▶ [TASK DESCRIPTION]: Restate word for word the entries below, starting at the line with "Computador Skul T-Moba" and ending at the line with "Pásový minidumper Messersi TC 85d". Keep both end lines and omit the pictures.

▶ [TASK INPUTS]:

Segment Open

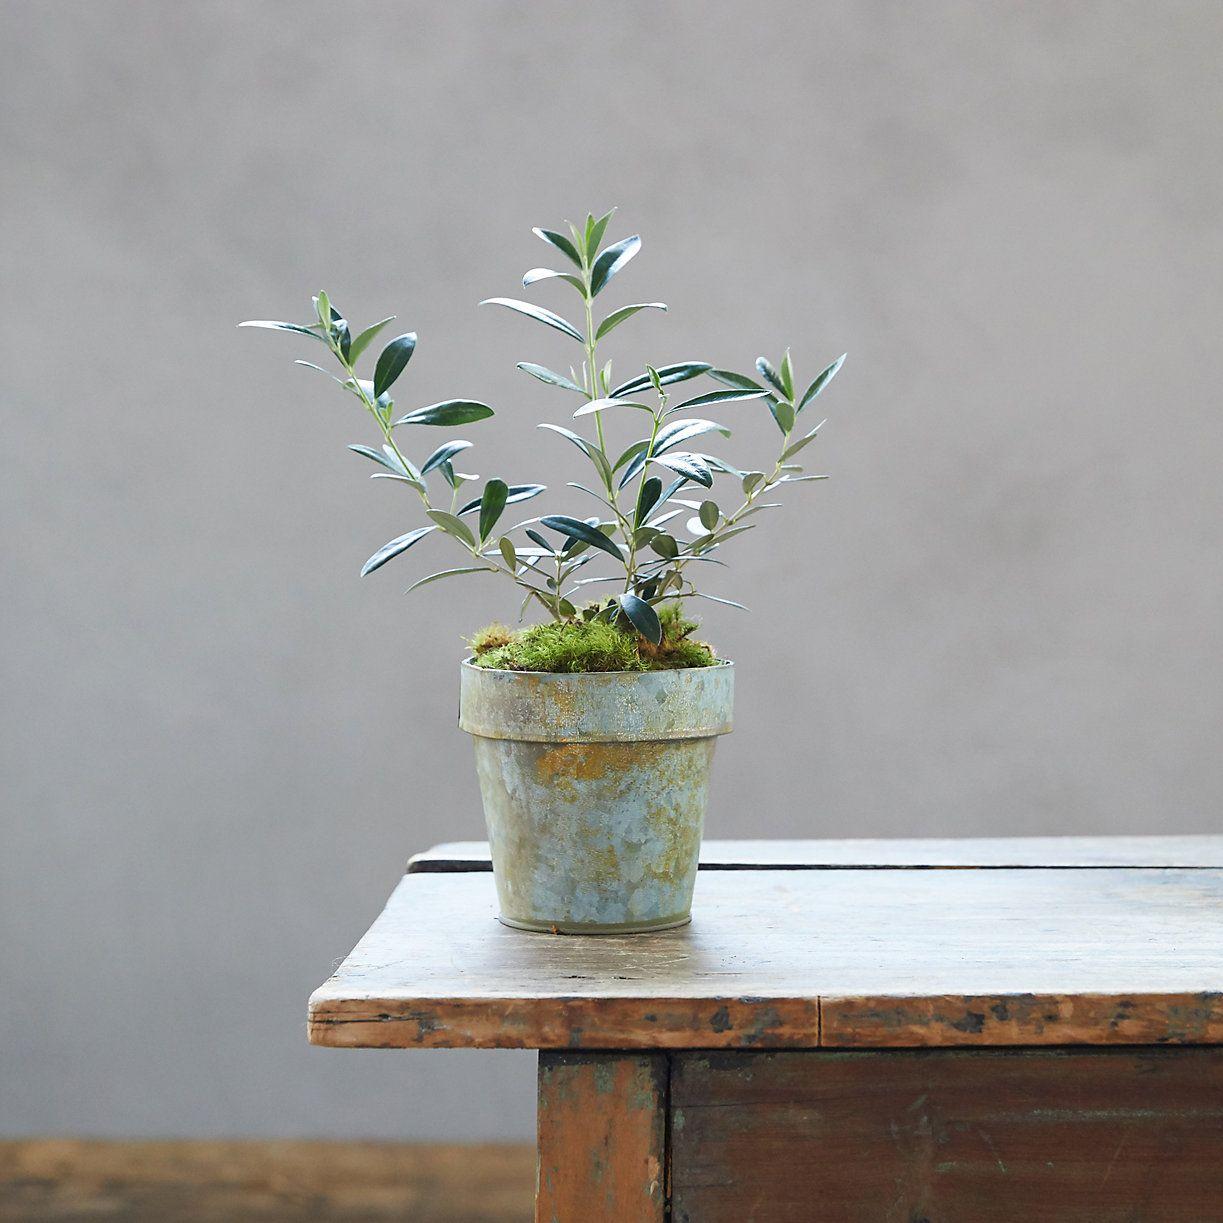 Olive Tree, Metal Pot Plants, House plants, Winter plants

Segment Closed
Segment Open

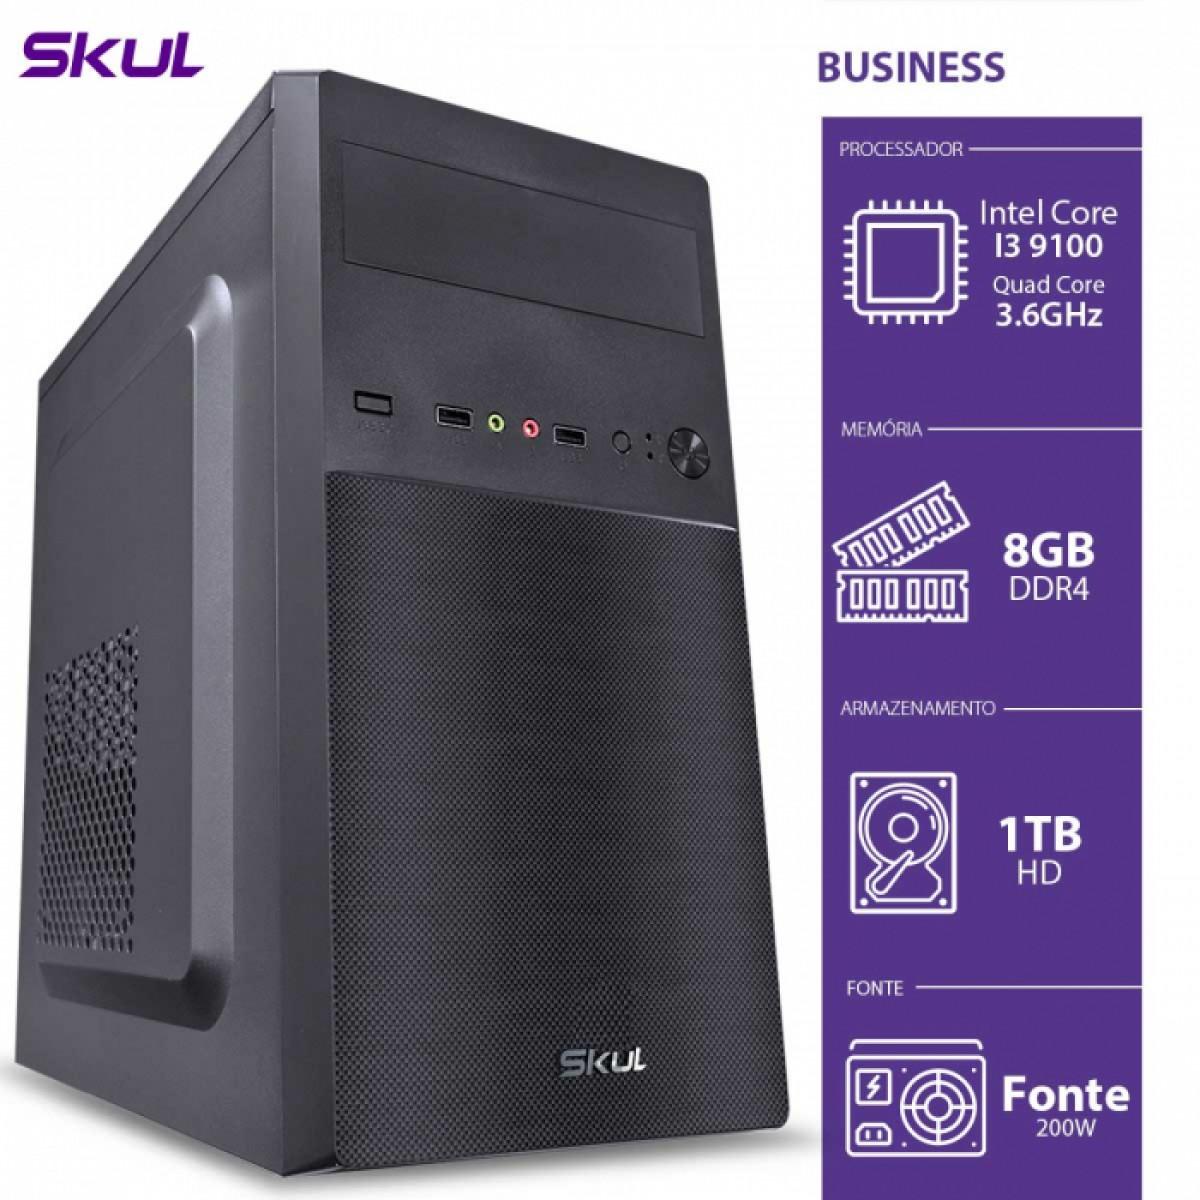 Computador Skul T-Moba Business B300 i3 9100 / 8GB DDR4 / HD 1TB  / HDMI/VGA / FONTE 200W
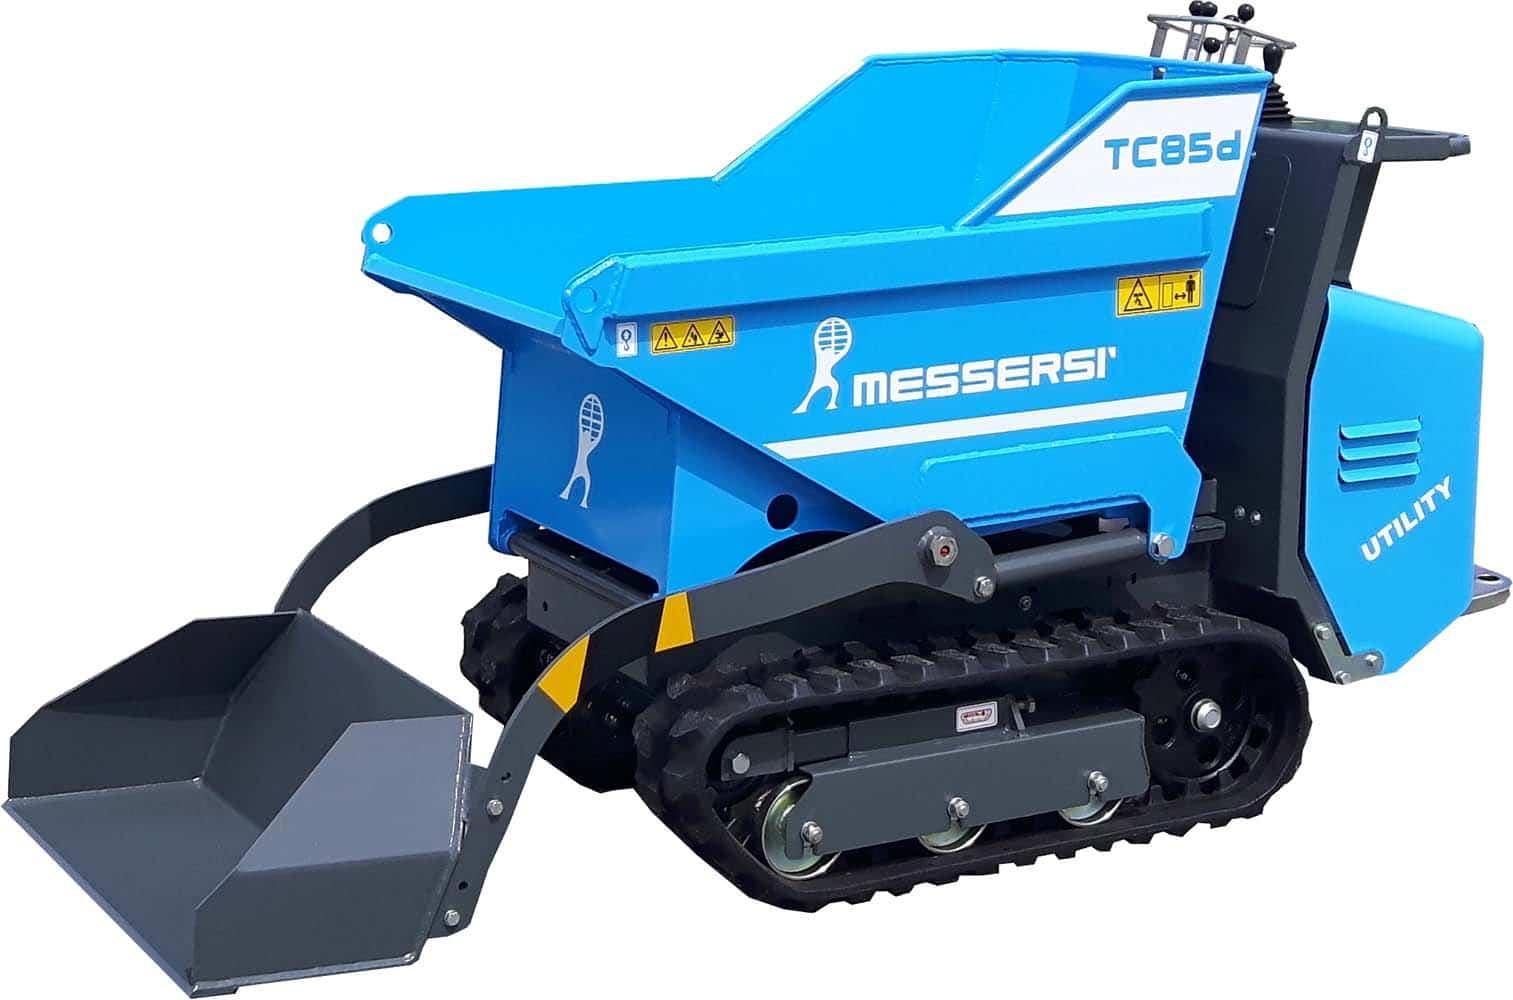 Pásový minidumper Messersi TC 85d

Segment Closed

▶ [TASK ANSWER]:
 Computador Skul T-Moba Business B300 i3 9100 / 8GB DDR4 / HD 1TB  / HDMI/VGA / FONTE 200W
 Pásový minidumper Messersi TC 85d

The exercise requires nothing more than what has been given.